1) See this issue here - https://github.com/droher/boxball/issues/68. Game type was not included in the raw files until this summer, and there's no released version of the game parsing software that creates a column out of it. Hopefully I can manage to get it into the game file on the next update. I made a custom CSV that I linked in that issue to hold you over in the meantime. (https://github.com/droher/boxball/files/11984000/game_types.csv)

2) It sounds like this was an issue for you primarily as a function of 1), but in case you're still interested in using them, the explanation is here: https://www.retrosheet.org/schedule/index.html Those are the original schedules before postponements and rescheduling. A valuable historical dataset to have on its own, but not for this particular purpose.

JRice15 commented 8 months ago
  1. Thanks, that csv will work for my purposes. I really appreciate the project!

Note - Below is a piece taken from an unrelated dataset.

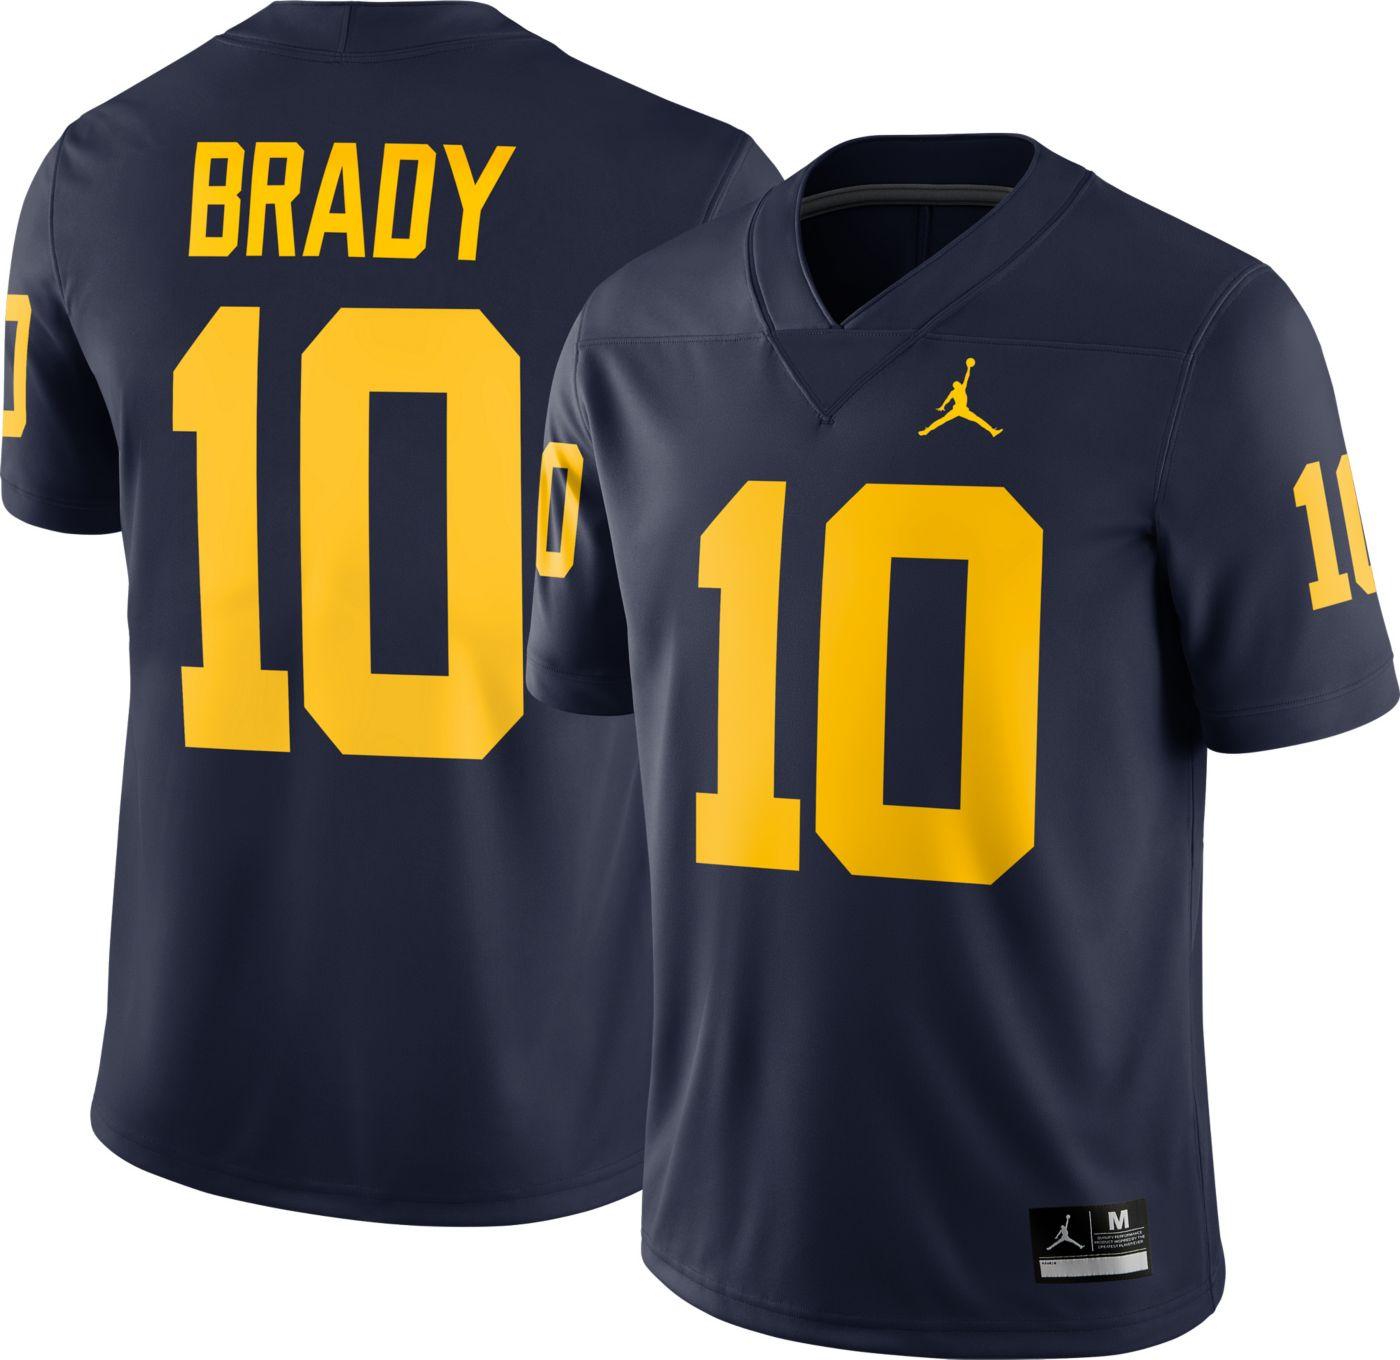 Jordan Men's Tom Brady Michigan Wolverines #10 Blue Dri-FIT Game Football Jersey

  2. Maybe a simple README file could be included with the data files that makes clear what each file is representing, so others don't run into the same confusion. The fact that 'postponement_indicator' and 'makeup_dates' columns exist in schedule.parquet and are all-null as far as I can tell made me assume that the problem was not caused of rescheduling, but maybe those columns are incorrect or incomplete.

droher commented 8 months ago

The readme has a link to the schema doc, perhaps not prominently enough, where you can find the schedule doc. I just pulled the schedule.parquet file down from OneDrive and see plenty of non-null values in those columns, but there is a 2020 bug.

The error is coming from the extract step - 2020 is the only year with two different schedule files, one for the original and one for the revised, and the glob is picking up both. I'll fix that in the code and the data should be correct in the next release. Thanks for the catch! If this is the only 2020-related bug in the data I'll be pleasantly surprised.

JRice15 commented 8 months ago

You're right, I amend my statement to: 'postponement_indicator' is all-null in 2021 and 2022 only. When grouping the entire schedules table by year, I see zero postponements for 2021 and 2022, while every other year has at least 20 or so.

droher commented 8 months ago

Yep, that's definitely a bug - this time from gaps in the data that have since been corrected by Retrosheet. Those years will be filled on the next release (which I'm guessing I'll have up here in December).

JRice15 commented 8 months ago

Great, thanks for your diligence and quick responses!